Notes: A bit of response to the end clip (after I was told to go see the movie again so I could see it). Feedback is loved and appreciated.
The Irish washwomen hum a jig as they work, their feet longing to move and dance, their hands longing to put down their tedious work. Scalded, work weary hands dash in and out of hot water, drawing yet another piece of clothing over the washing board; scalded hands dip in again; scalded hands no longer feel.
They stay away from his mother while they worked.

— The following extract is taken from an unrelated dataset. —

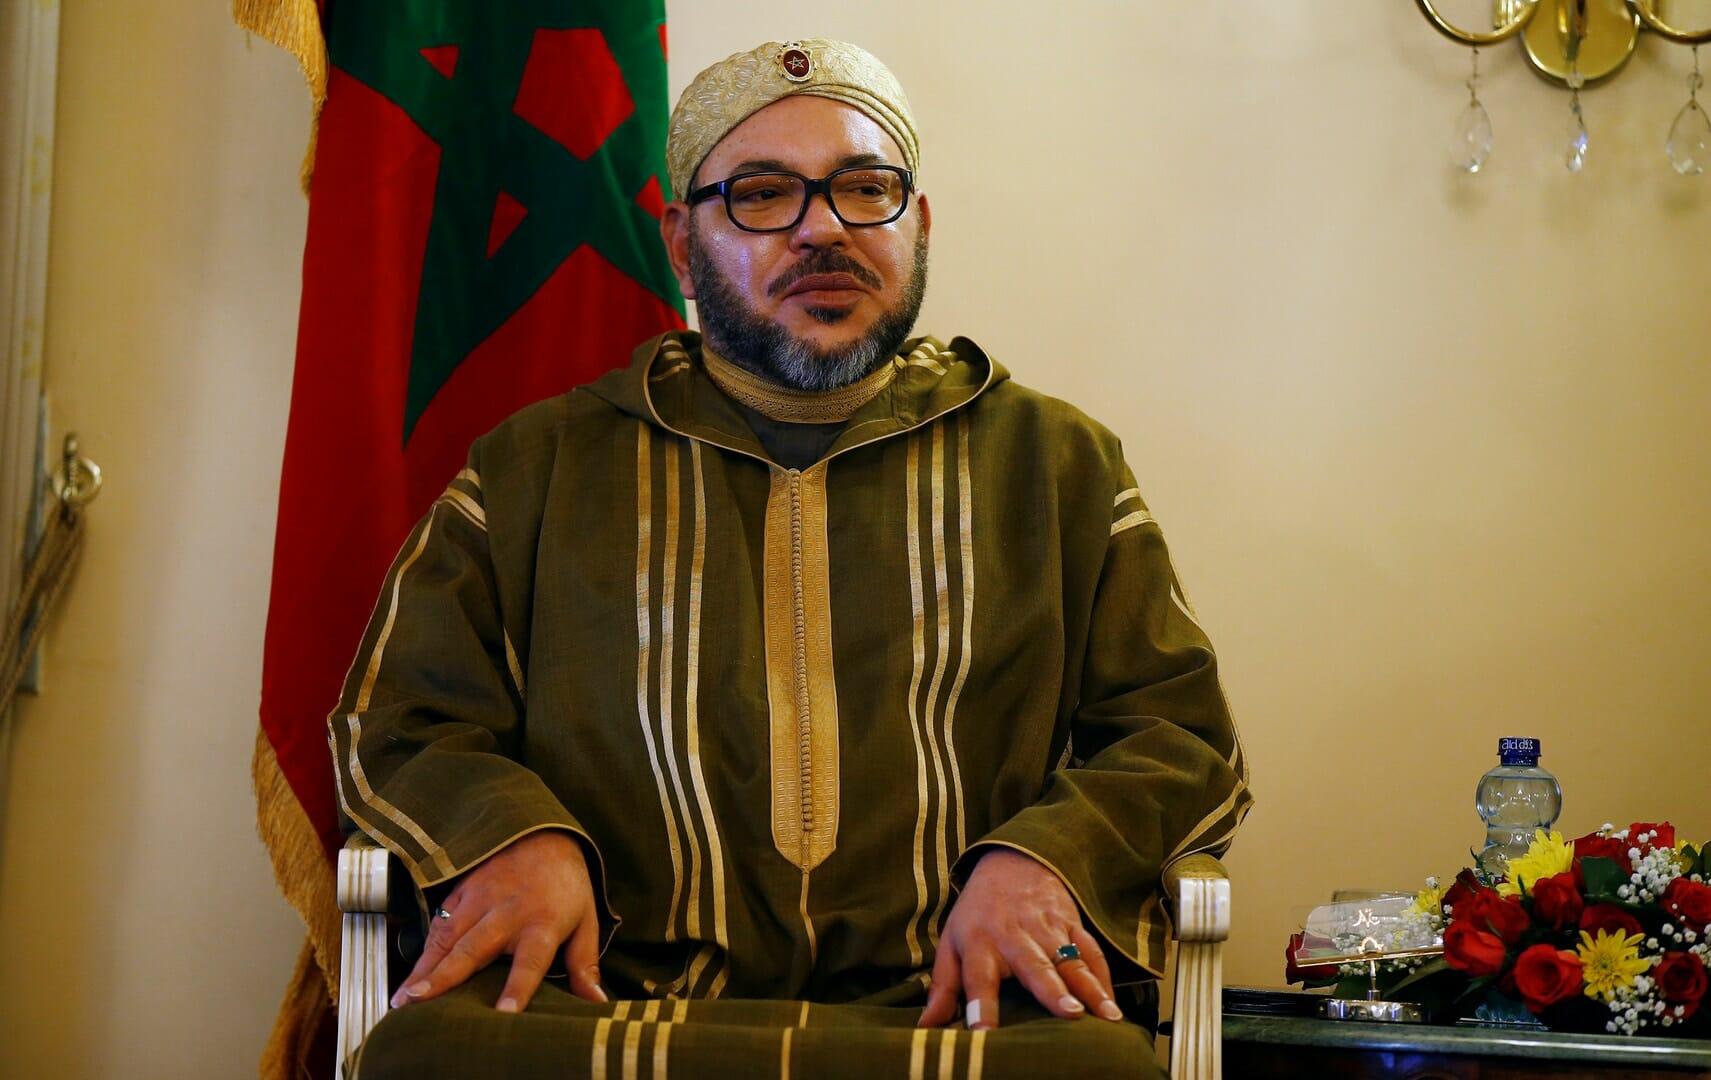 ملك المغرب محمد السادس يعزي في وفاة عبدالخالق اللوزاني

There is a sort of strangeness around her that he's never felt in the brightness of the day, when he can see her reddened hands, her lank hair escaping her bun, her tired but tall posture. But her eyes are bright, and perhaps it is this that wards the other women away.
She had always been the town enigma that no one cared to solve, gossiping the truth away and more satisfying truths into existence; mysterious in the day to everyone except him, her son, who sees only his mother, worn out and tired but still pretty in her own right. The boys in his first year of school had been hardly as kind.
Will, not knowing what a bastard or a whore was, thought he still didn't like it.
His mother was livid when she saw the scrapes and bruises, knowing somehow of the scuffle before he'd told her. But as for whom her anger was directed at, he didn't dare ask, for in this case, he thought he didn't want to know. Somehow more powerful for her anger, more lively for her power, and more beautiful for her life, she tended the wounds he had earned for his pride in silence. She hugged him close, and he let her.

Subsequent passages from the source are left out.